Posted: 25 April 2019

This week the RRS James Cook set sail to embark on a world-first experiment to develop methods for detecting and monitoring leaks of carbon dioxide (CO2) from sub-seabed reservoirs, however unlikely they are to occur.

This forms part of the internationally collaborative STEMM-CCS project, led by the NOC. The team will drill into the bed of the North Sea, where scientists will simulate a CO2 leak to test an array of sensors designed to detect even small leaks. This will be the first such experiment to take place at depth above a site proposed for carbon capture and storage, the Goldeneye site.

Professor Douglas Connelly, the NOC scientist leading the project, said “Many months of hard work and innovative thinking have brought us to this exciting point in the STEMM-CCS project. This experiment is as near to a real leak as we can get and is the first time, anywhere in the world, it has been attempted. The North Sea can be a harsh environment and getting the pipe into the seabed, connected to a CO2 supply and producing a stream of gas is going to be no mean feat, but is essential if we are to test the sensors that have been developed to give peace of mind in the future, that if a leak should occur, we can detect it quickly and precisely.”
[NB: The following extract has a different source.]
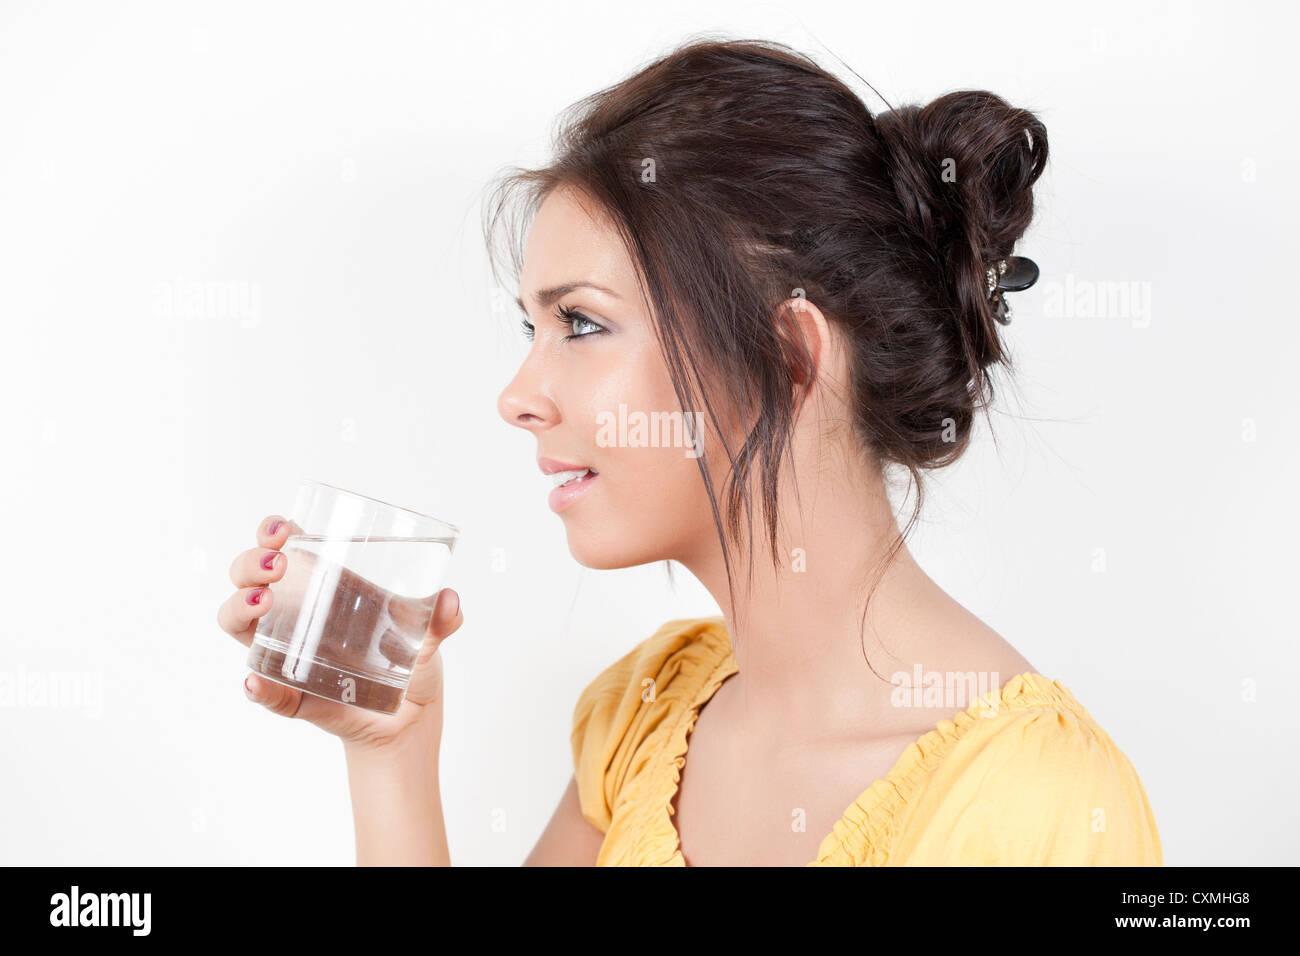 Mujer de un vaso de agua potable Imagen De Stock
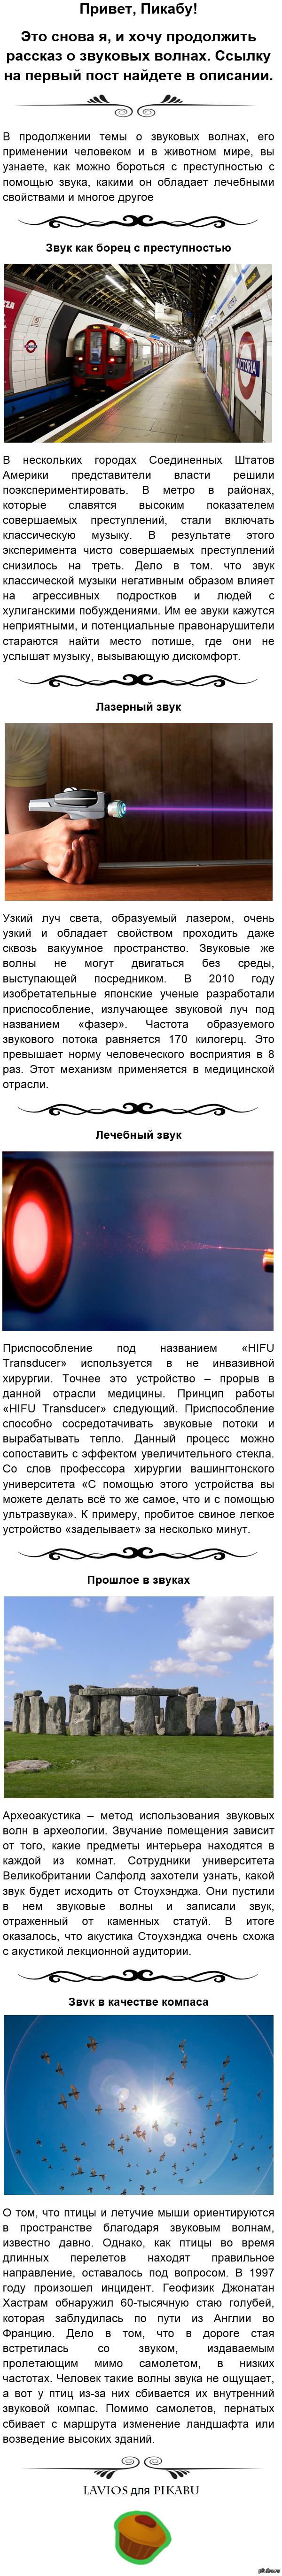 """Продолжение интересных свойств звуковых волн Первый пост: <a href=""""http://pikabu.ru/story/interesnyie_svoystva_zvukovyikh_voln_1908443"""">http://pikabu.ru/story/_1908443</a>"""

Climate change, driven by increasing carbon dioxide levels in the atmosphere, is now a well-established phenomenon that is having profound effects on the Earth’s natural systems. While efforts are being made to reduce sources of human-related CO2 production, such as from industry and transport, there is a parallel need to prevent CO2 emissions from entering the atmosphere. One such strategy is carbon dioxide capture and storage (CCS), whereby CO2 is contained at source, transported and ultimately stored away from the atmosphere. Researchers and industry are investigating depleted, or near-depleted, oil and gas reservoirs as suitable storage sites for this anthropogenic CO2.

Putting the CO2 back into some of the reservoirs from whence it came as hydrocarbons seems a logical solution, but there are challenges. One of these is ensuring that once stored deep underground beneath the seabed, the gas remains locked away. To generate confidence in this approach a priority is to be able to detect any leak, should it occur, to measure its strength and duration and predict any effects it may have.

The Strategies for Environmental Monitoring of Marine Carbon Capture and Storage (STEMM-CCS) project is an EU Horizons 2020-funded project charged with doing exactly that. The project brings together researchers from Germany, Norway, Austria and the UK, and industry partner Shell, to develop the techniques and technology to pick up traces of any gas release if it occurs, to observe how the gas behaves in sediments and the water column above, and predict how far it may spread and what impacts this might have.

In a world-first experiment, a pipe is being inserted into the seabed 120 metres down in the open sea. The curved steel pipe will be positioned so that its exit will be two-three metres beneath the seabed surface. Sounds simple, but in order to achieve this, a special drill rig has had to be developed and built by Cellula Robotics. Once in place, the pipe will be connected by a remotely operated vehicle (ROV) to a CO2 supply on the seabed, allowing gas to flow through the pipe into the sediments. Again, this sounds simple but specially designed gas cylinders, housed in a second rig, had to be designed to withstand the rigours of the salt-water environment. The CO2 is expected to eventually bubble out at the seafloor, so surrounding the escape point on the seafloor will be a range of sensors. Acoustic and visual instruments aim to detect the sound made by streams of bubbles or to spot them with cameras, while chemical sensors aim to ‘sniff out’ the CO2 and the minute amounts of chemical tracers it contains, which will enable scientists to differentiate this signal from any naturally occurring CO2. ROVs and autonomous underwater vehicles (AUVs) bearing other sensors, complete the arsenal of technology being deployed.

While the two-week controlled release of CO2 takes place, samples from around the simulated ‘leak’ will be taken to establish how gas passing through sediment behaves and affects the sediment and the life it contains. The ultimate aim of the experiment and the STEMM-CCS project as a whole is to develop sensors and methods for detecting and monitoring gas seepage in a real-world situation.